[Opening DATA section]
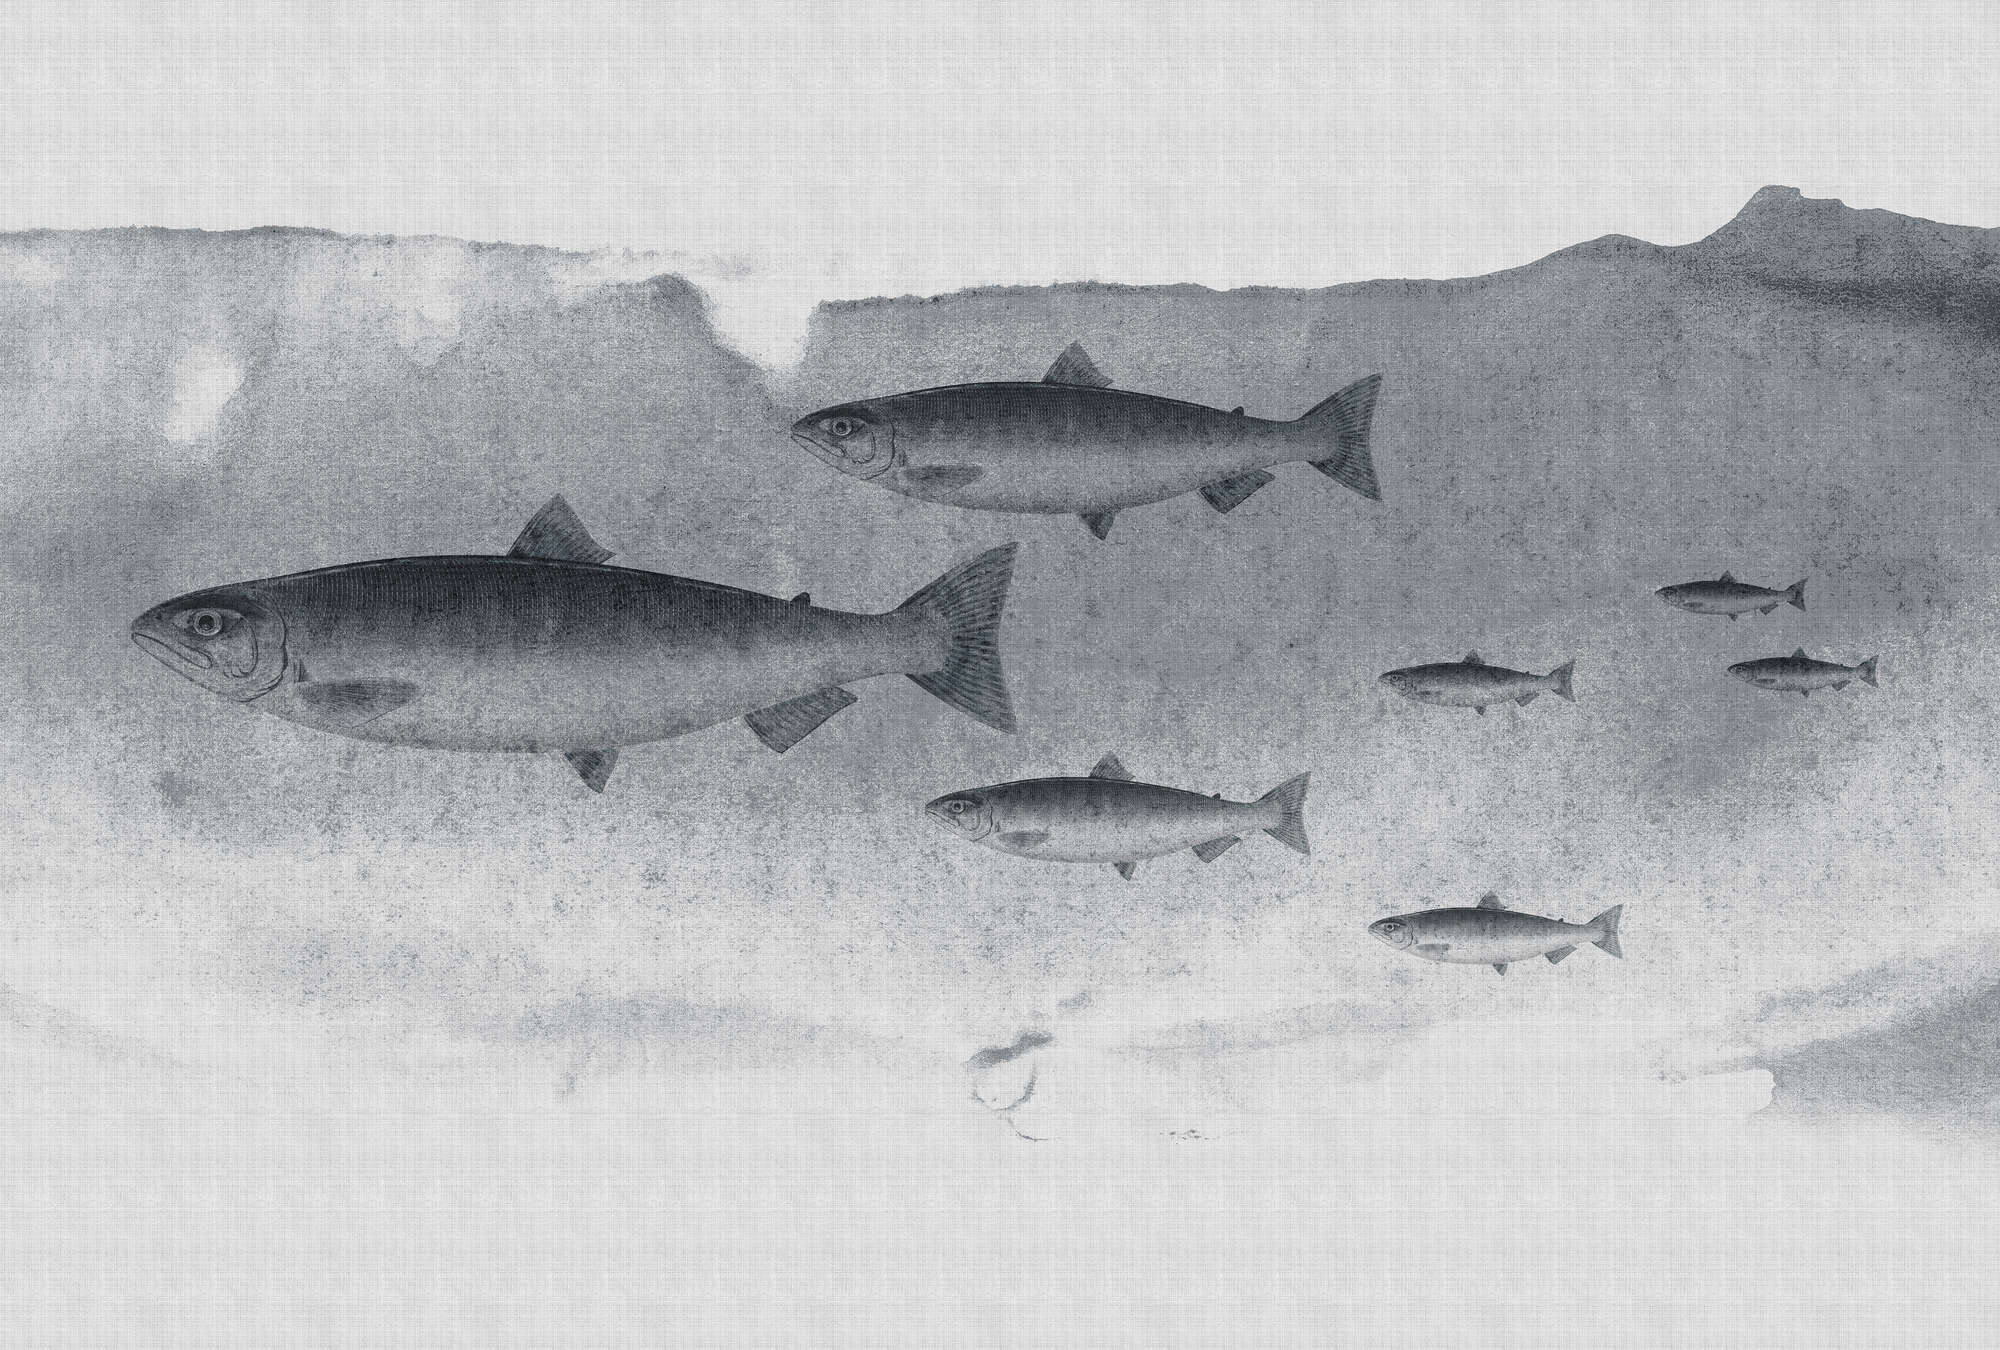             Into the blue 3 - Fish watercolour in grey as a photo wallpaper in natural linen structure - Grey | Matt smooth non-woven
        
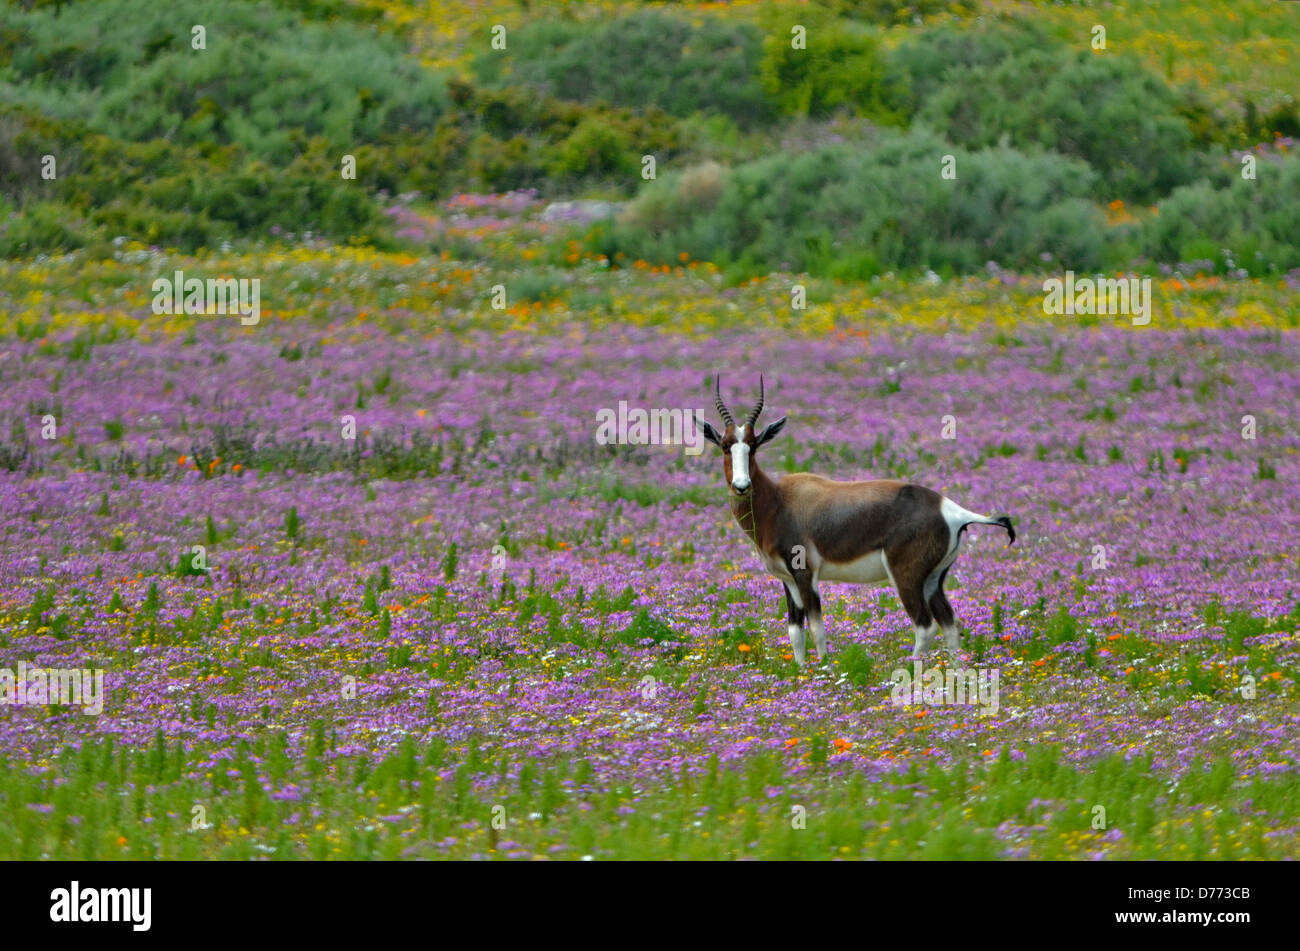 Africa South Africa West Coast national park bontebok antelope (Damaliscus pygargus  in flower fields Stock Photo
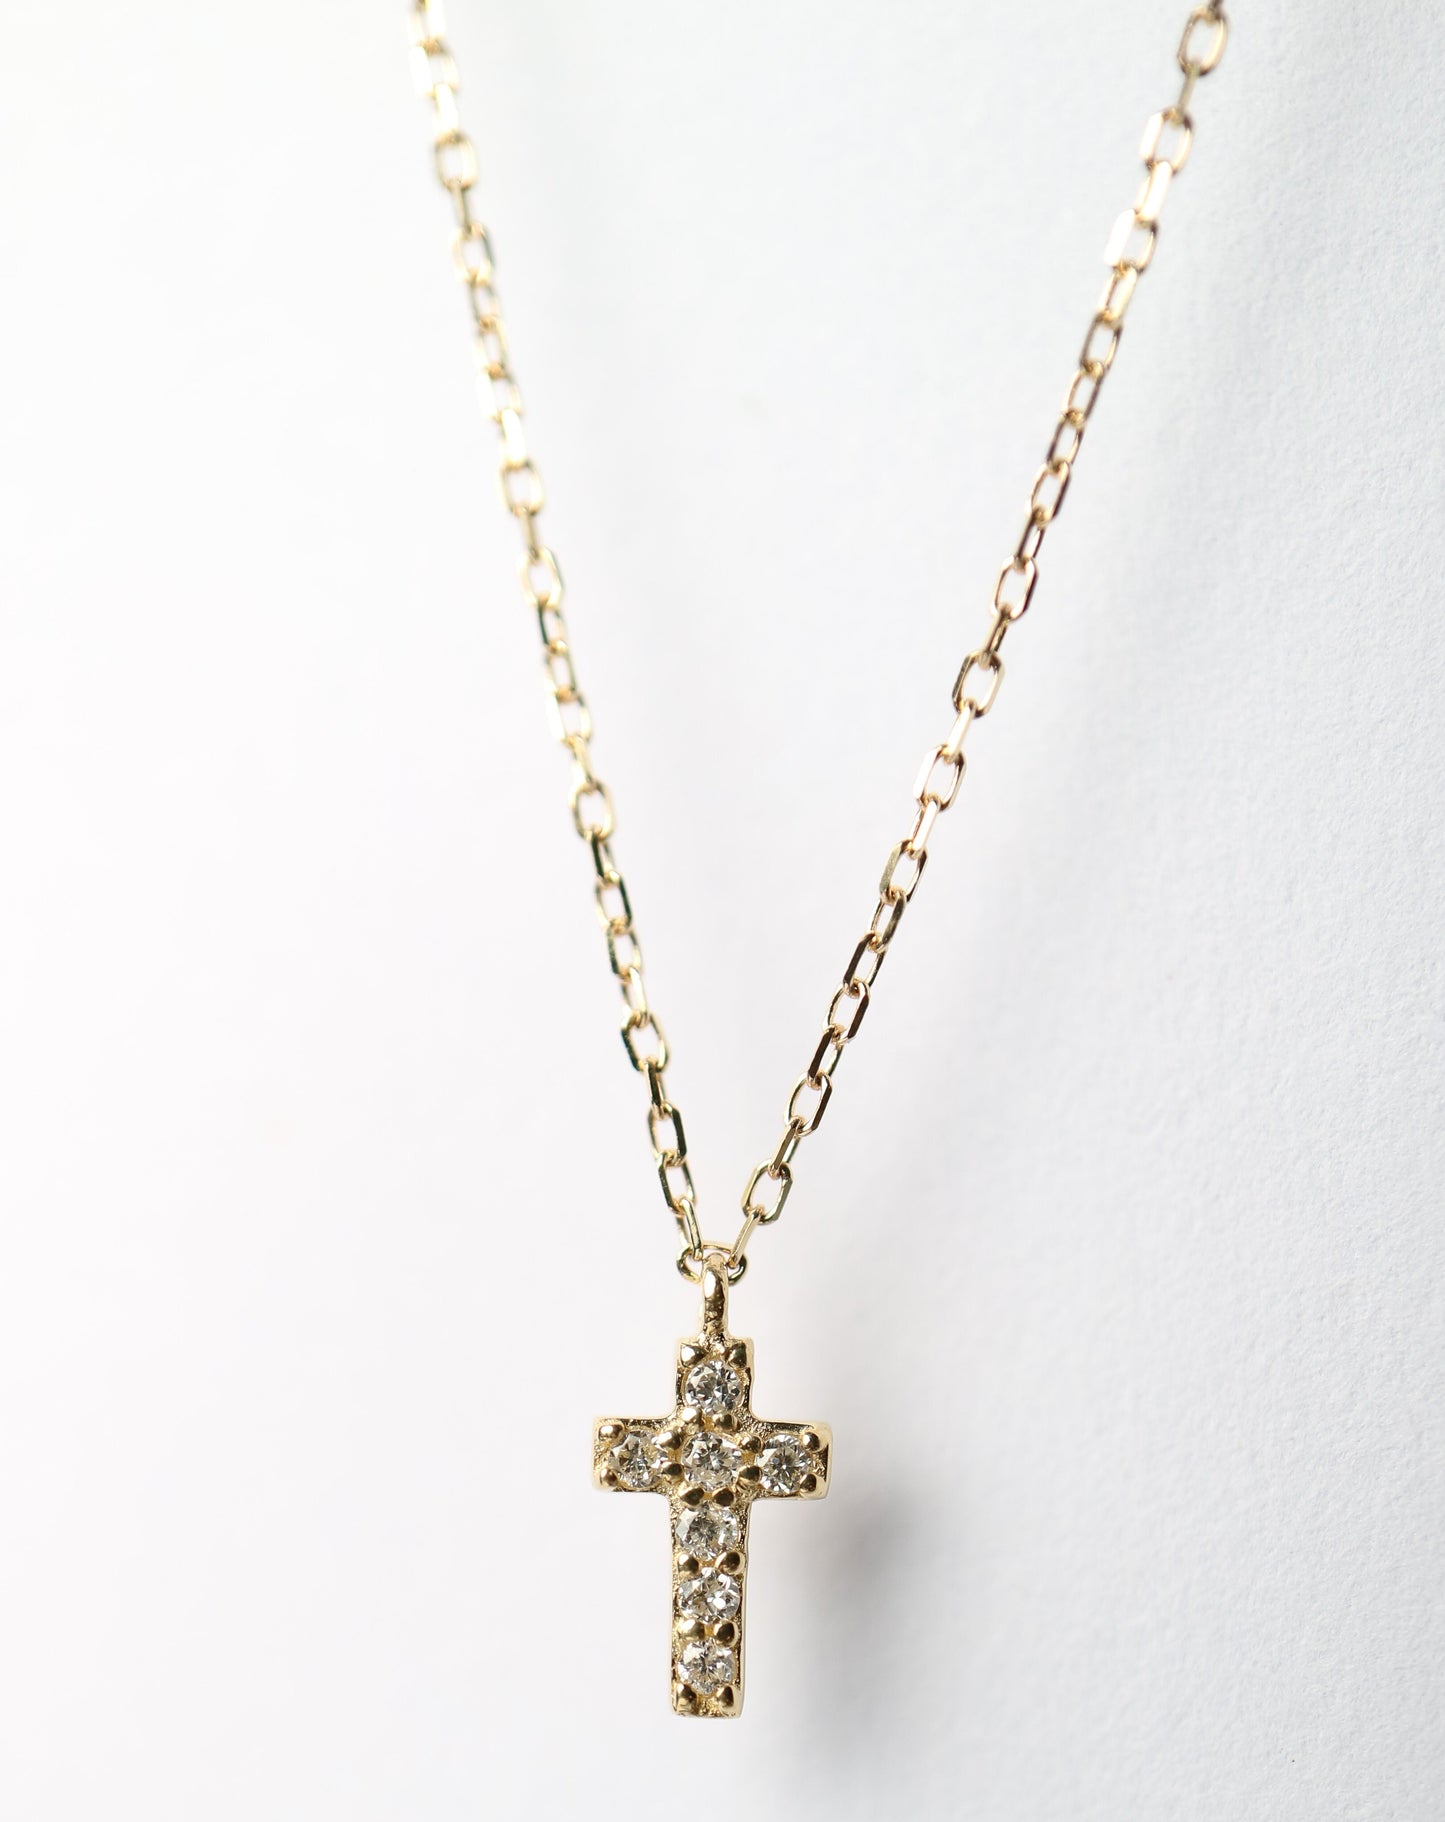 9kt Gold and Diamond Crucifix Pendant
[Closing DATA section]
◆ PROBLEM REQUIREMENTS
Would you mind transcribing the material exactly, without the pictures?

◆ RESPONSE BOX
             Into the blue 3 - Fish watercolour in grey as a photo wallpaper in natural linen structure - Grey | Matt smooth non-woven
        
 Africa South Africa West Coast national park bontebok antelope (Damaliscus pygargus  in flower fields Stock Photo
 9kt Gold and Diamond Crucifix Pendant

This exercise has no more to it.